In the name of reducing the influence of private-interest politics, the public interest is turned into whoever wants to speak for some segment of the population. Thus, a group of self-designated public-interest lawyers might seek a ban on the use of certain chimney-cleaning chemicals. Speaking on its own behalf and (without authorization) on behalf of chimney sweeps, the group would claim to represent the public at large.

The view that certain interests are underrepresented in the American political system and that others are overrepresented, and that this inequality violates "rights," underlies the new interpretation of administrative law. The old doctrine, summarized by John Marshall's Court, that "it is only where rights of persons or of property are involved…that courts of justice can interpose relief' has been superseded by a different doctrine that "allows legal advocates to exercise the claims (or in the rhetoric of the advocate, 'the rights') of other people without the consent of those other people and, most of the time, even without their knowledge." In the past, individuals had to show that they were the actual victims of a violation of their rights before courts would grant them redress; it was not possible to obtain preventive action against those who might violate rights in the future. Now it often is.

This process of creating new rights for classes of individuals at the behest of strangers, Rabkin argues, is in effect the delegation of power not from the executive to Congress but from Congress to private advocates. It must, as it has already in regard to prisons, mental institutions, and other facilities, give the courts the power to impose taxation—to call upon the collective resources of society to satisfy the claims of one set of interests on others.

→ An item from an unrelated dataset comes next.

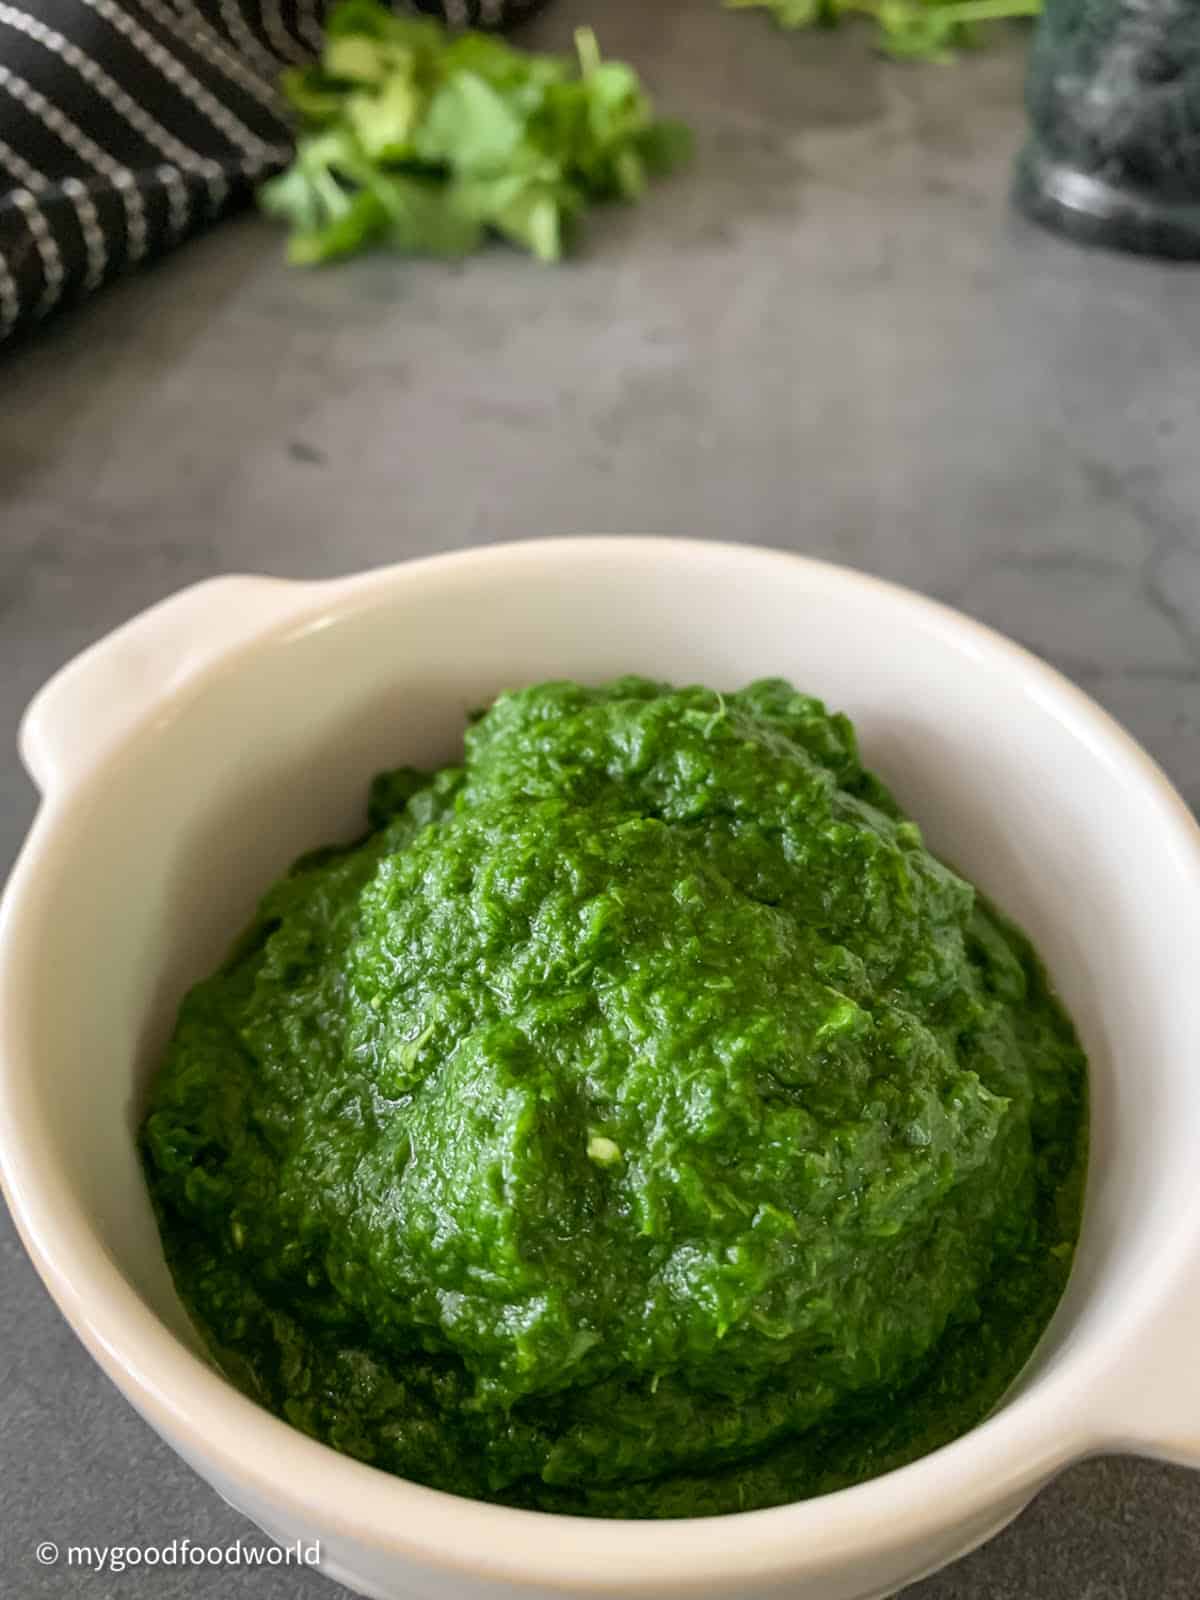 Green chutney is placed in a white bowl. Also seen are some fresh coriander leaves, a pestle and a cloth napkin.

The creation of new rights under new interpretations of administrative law also implies that the courts are better guarantors of policy execution or indeed of liberty than are presidents and legislators. How then justify holding presidents and congresses responsible for what has willy-nilly gone to the courts? "The more government is accountable to private litigants, then," Rabkin concludes, "the less it can be accountable to anyone else." And he bolsters his position with a number of detailed case histories involving civil rights advocacy groups, food and drug policies, and occupational health standards.

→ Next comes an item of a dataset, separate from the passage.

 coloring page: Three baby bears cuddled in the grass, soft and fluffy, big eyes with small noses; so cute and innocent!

Few readers will subscribe to all of the opinions about the respective roles, competencies, and powers of the various branches of government that Rabkin freely dispenses. Like the courts he criticizes and the students of politics he wishes to influence, he has a view of how our constitutional system should work. Rabkin is most persuasive in accomplishing two tasks. One is to involve the reader in high-level thought about the respective roles of our major institutions, especially the legal doctrines justifying treating groups as individuals and individuals as groups. The second (and, to me, more important) is his elevation of ordinary politics from a vulgar necessity to an essential principle.

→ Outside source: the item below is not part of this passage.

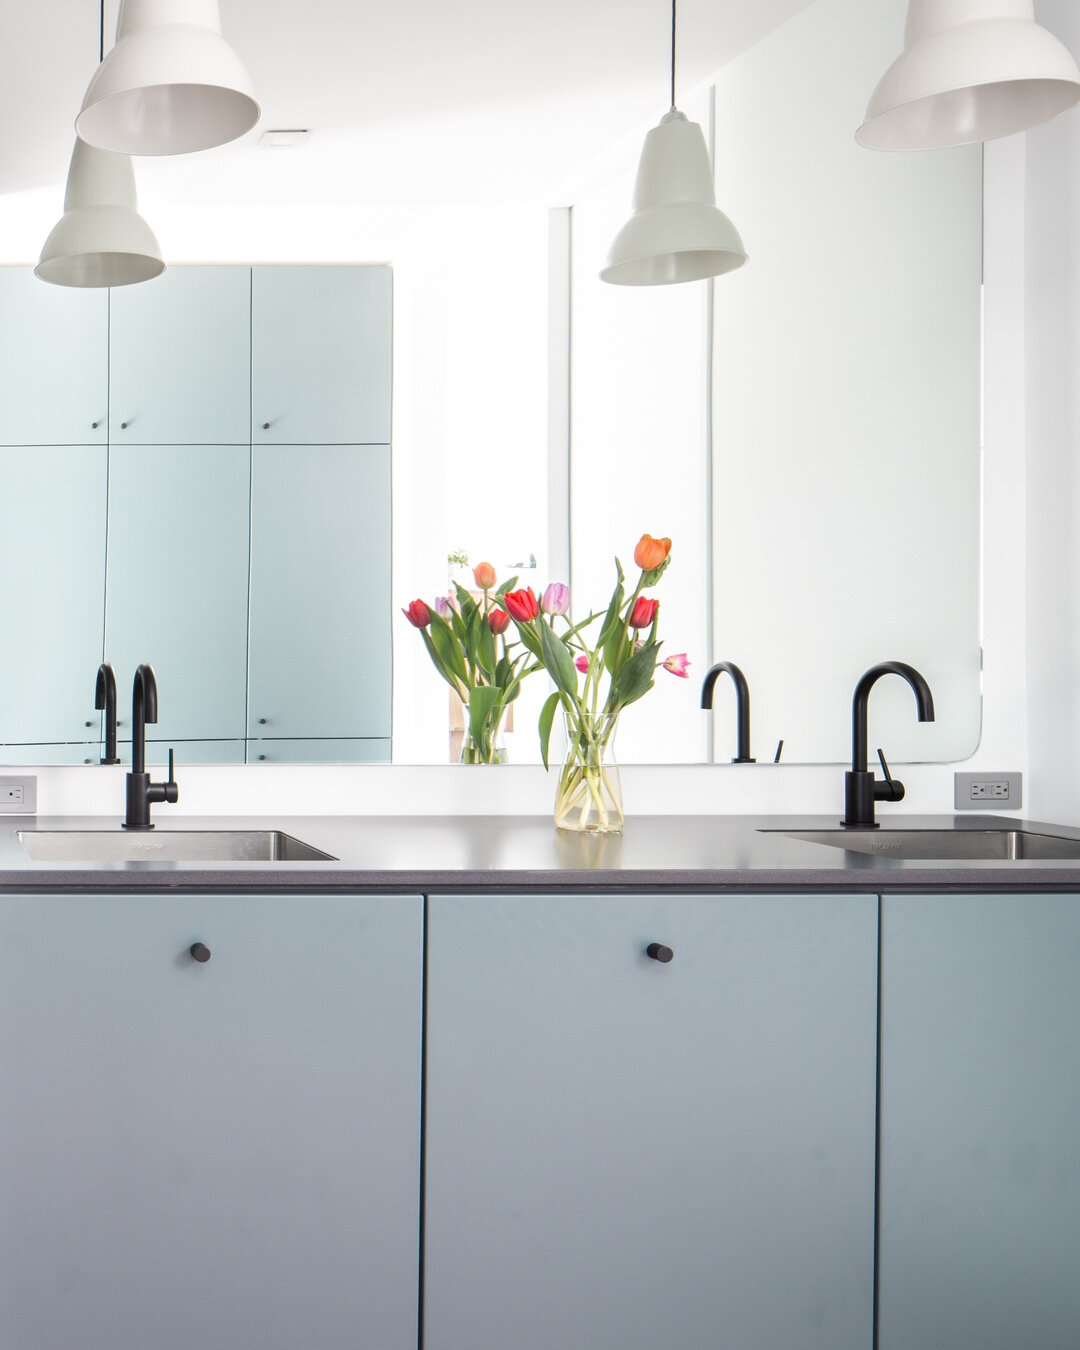 Each of our bathroom vanity countertops come with the choice of either @duratdesign solid surface countertops or @richlite resin-infused paper countertops. Durat is a unique ecological solid surface material which contains recycled pre-consumer plast

One way of influencing public policy is for a lawyer in a cubicle to write a memorandum called a brief to a lawyer in a larger room called a judge who will then render an opinion about what ought or ought not to be done about abortion or the death penalty or whatever. Another way is for us as citizens to argue and plead and demonstrate and eventually persuade each other about the right courses of action or about some compromise, or even decide that we have had our day in the court of public opinion and must now go on to something else. When things are done the legalistic way, a few citizens are satisfied, and everyone else feels that their views have not been heard. How, then, can citizens legitimate these decisions as democratic?

Aaron Wildavsky is a professor of political science and public policy at the University of California, Berkeley, and author of Searching for Safety.